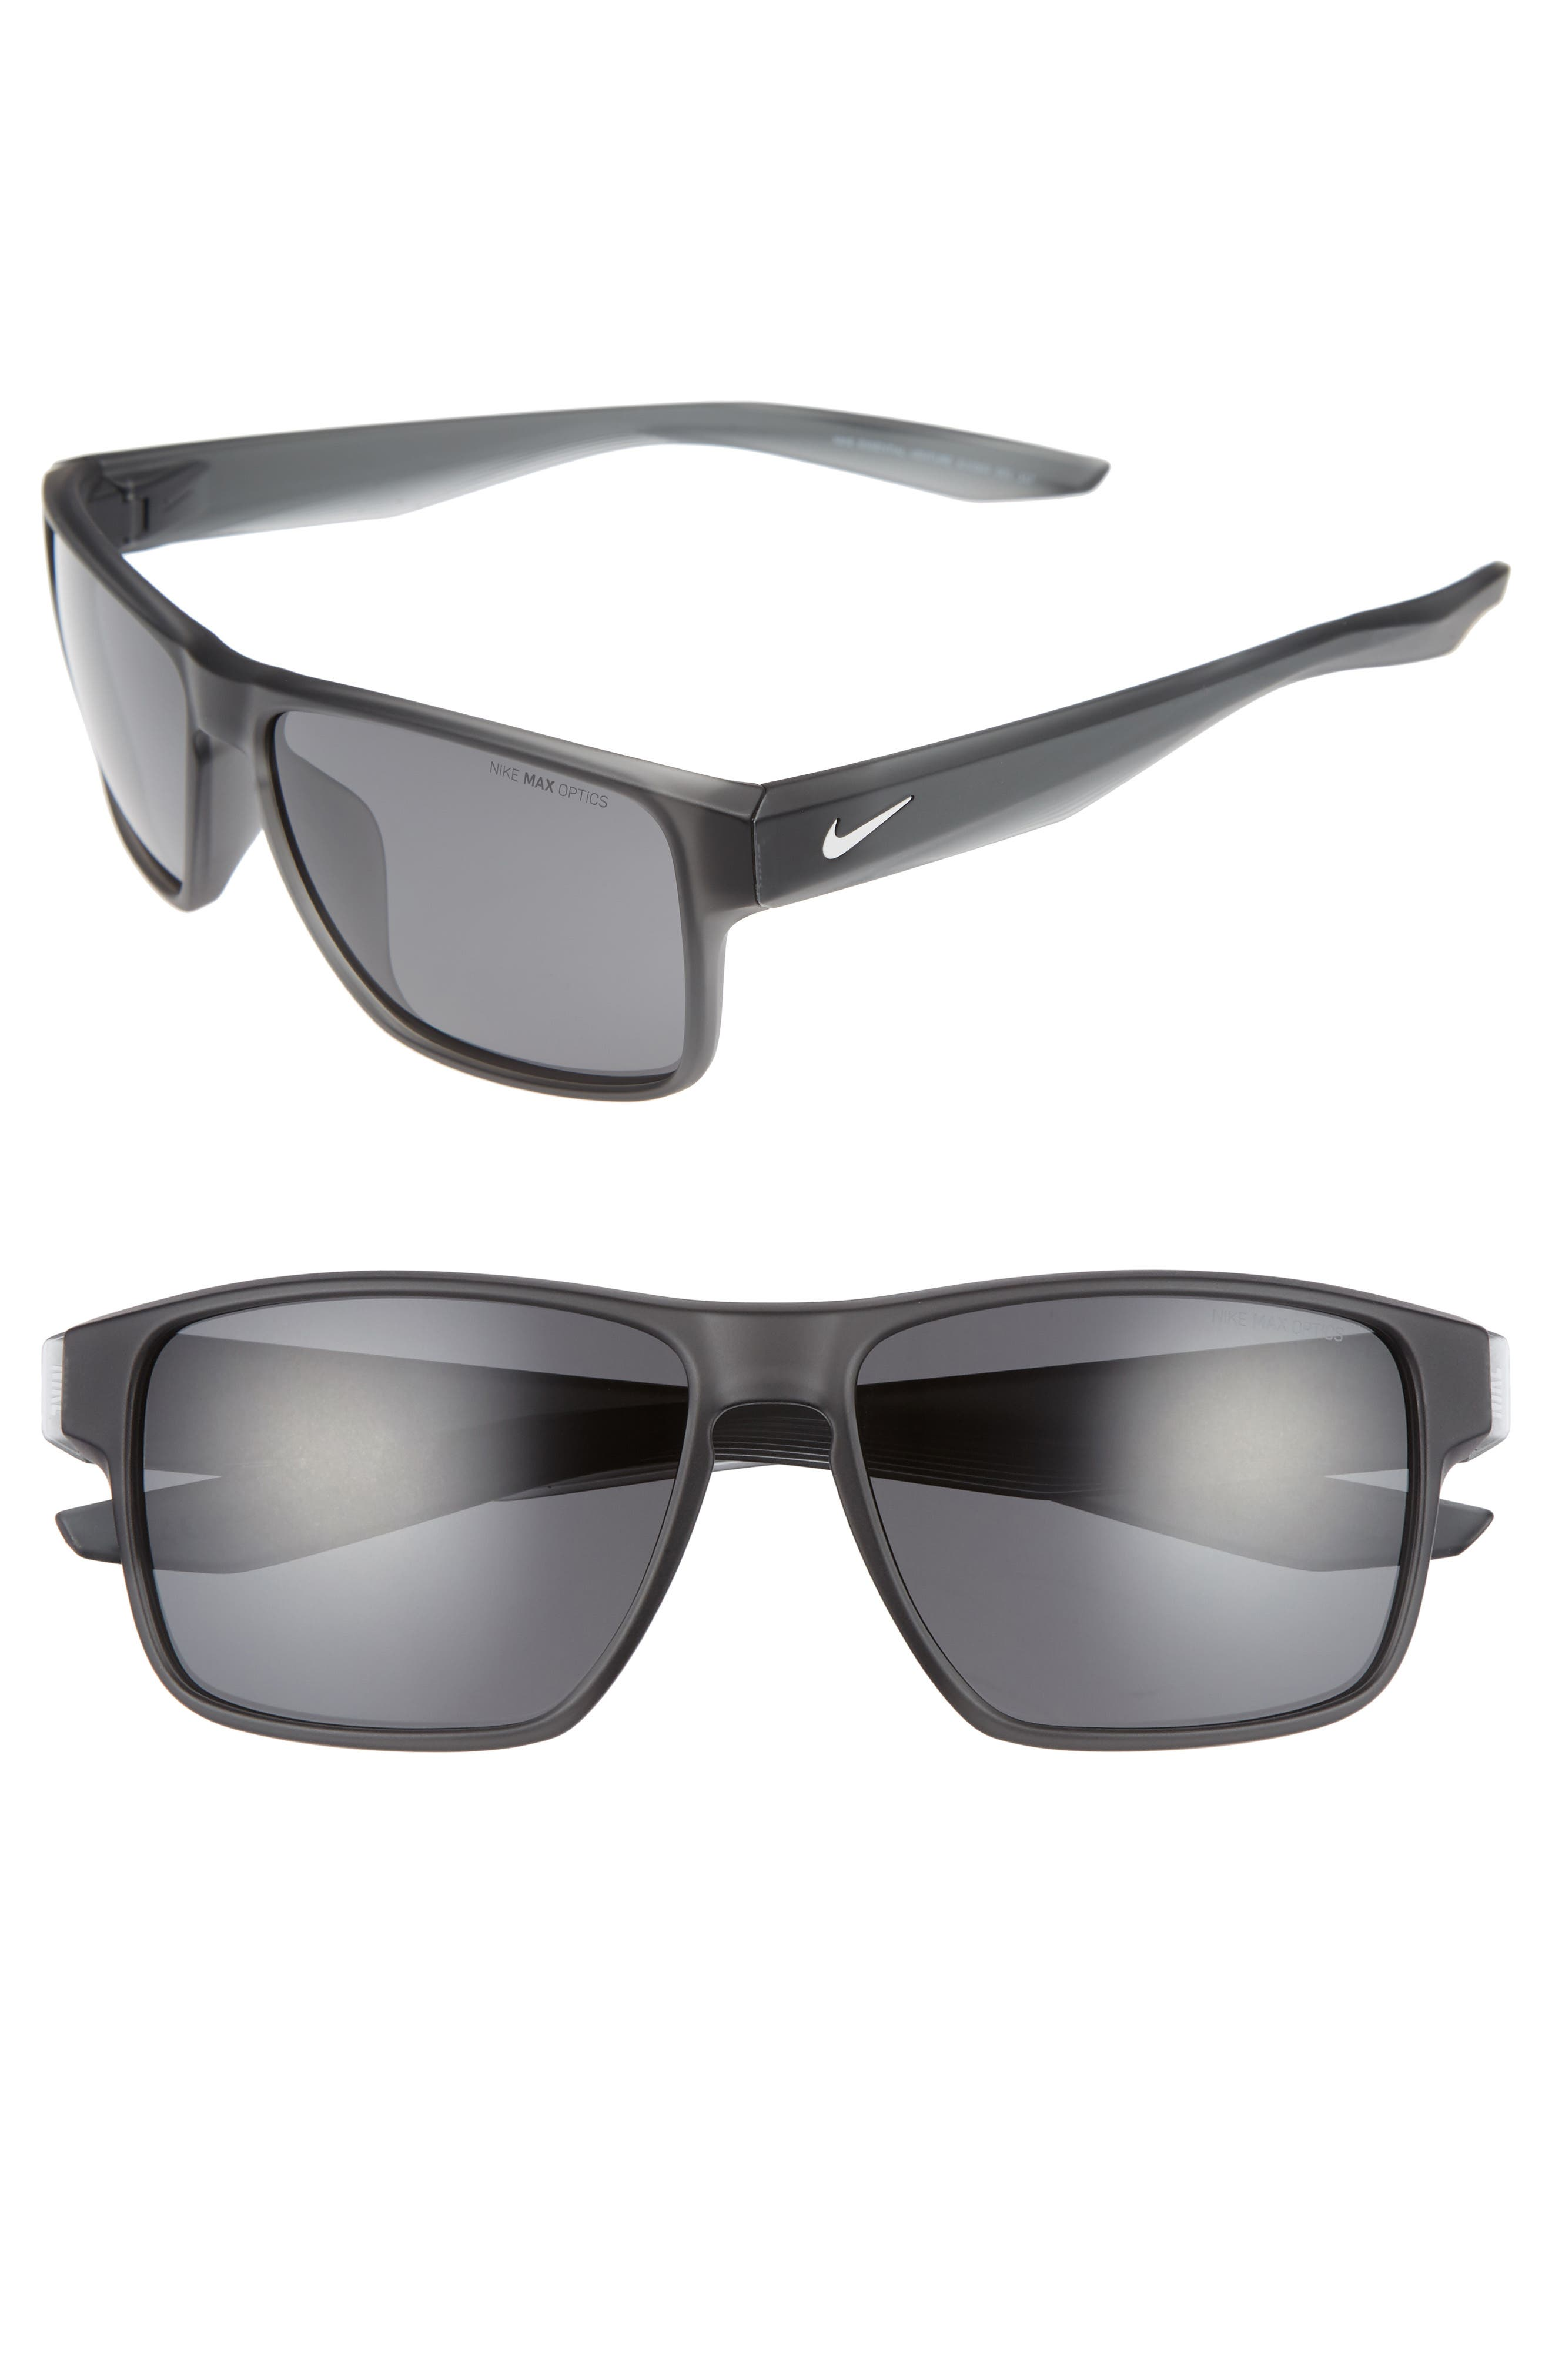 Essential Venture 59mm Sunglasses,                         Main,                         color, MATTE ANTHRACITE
* * * * * * * * *
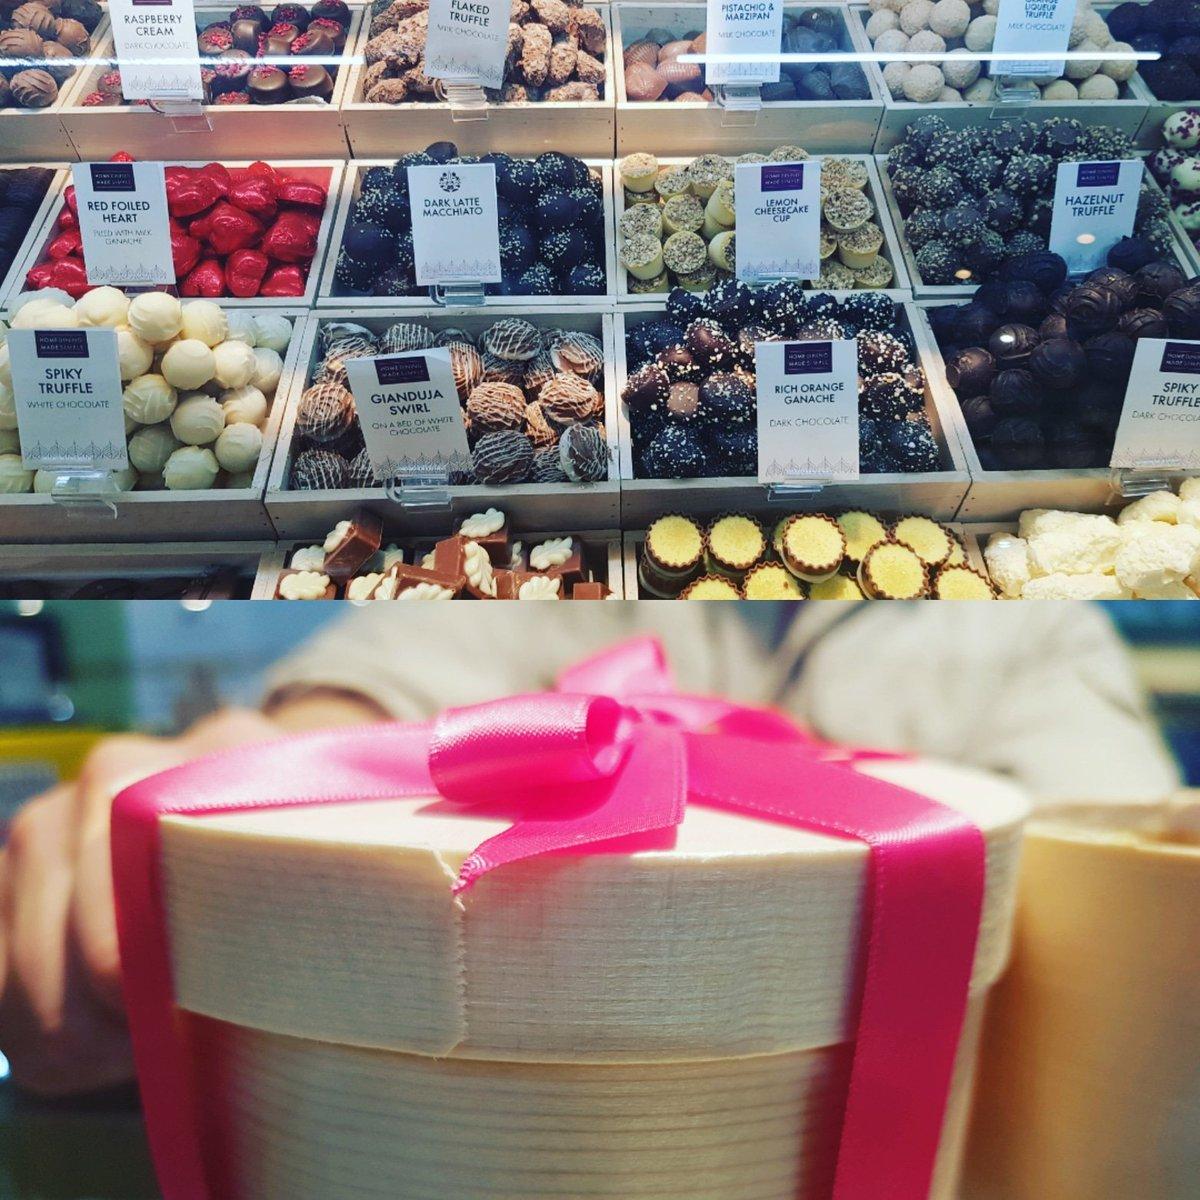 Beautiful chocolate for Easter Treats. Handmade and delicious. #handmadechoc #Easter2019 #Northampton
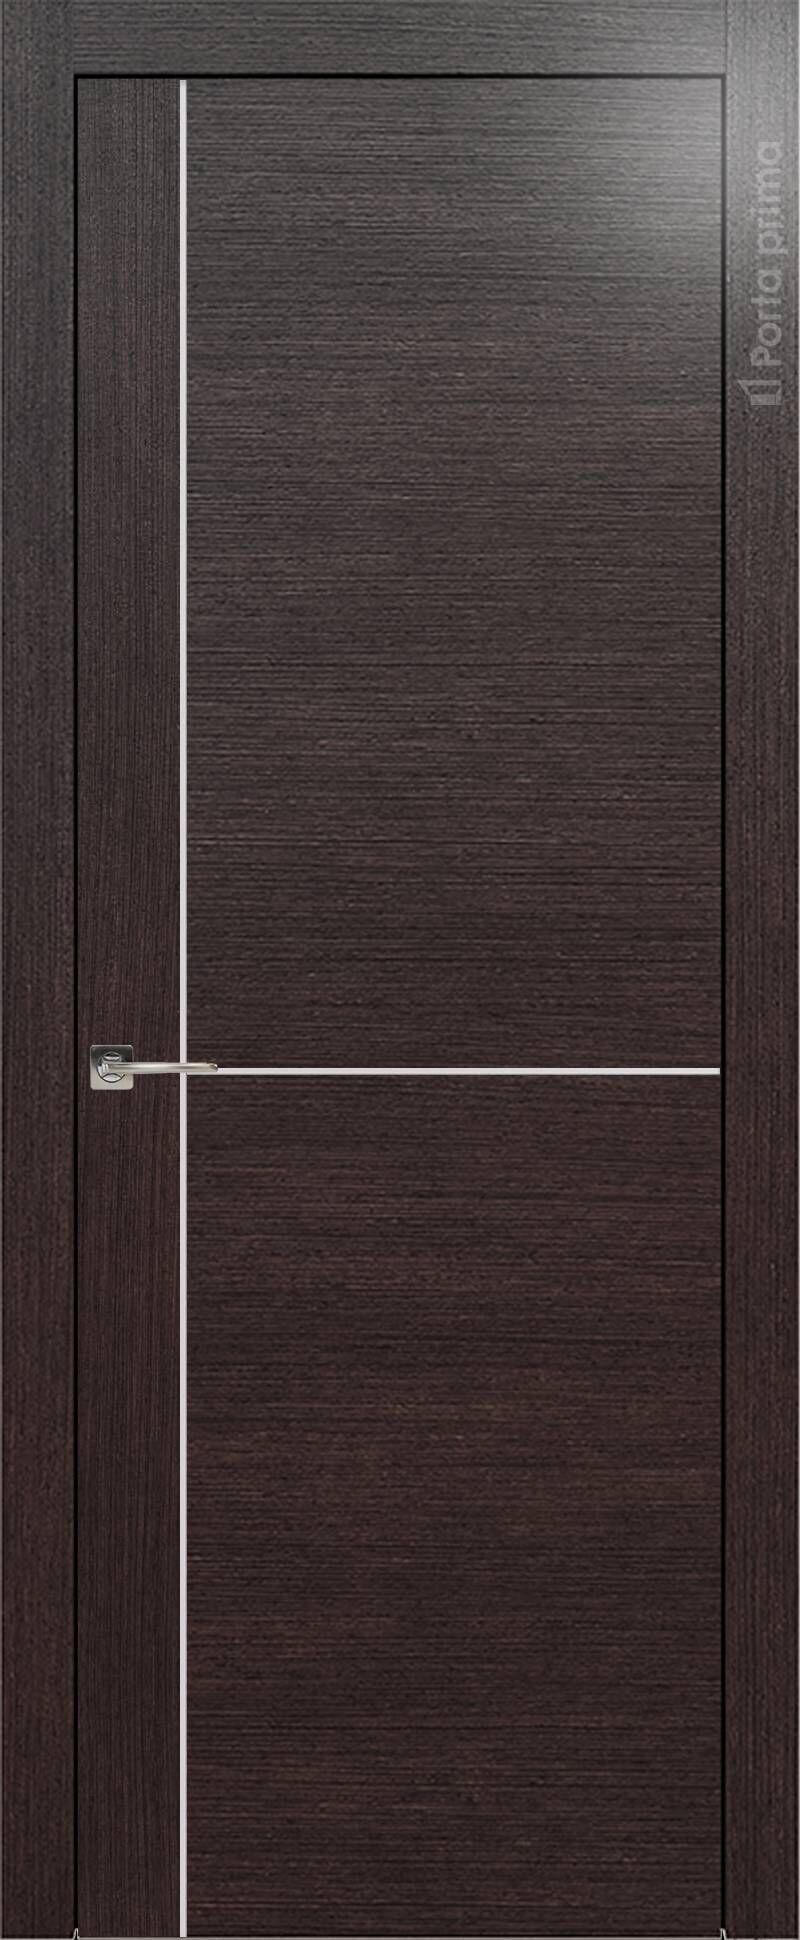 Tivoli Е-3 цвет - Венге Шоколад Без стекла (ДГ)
* * * * * * * * *
- What you should do: From the data above, retype only the lines starting with the line with "Beautiful chocolate for" and going on through the line with "Tivoli Е-3 цвет", exactly, leaving out the pictures.

- Answer section:
 Beautiful chocolate for Easter Treats. Handmade and delicious. #handmadechoc #Easter2019 #Northampton
 Tivoli Е-3 цвет - Венге Шоколад Без стекла (ДГ)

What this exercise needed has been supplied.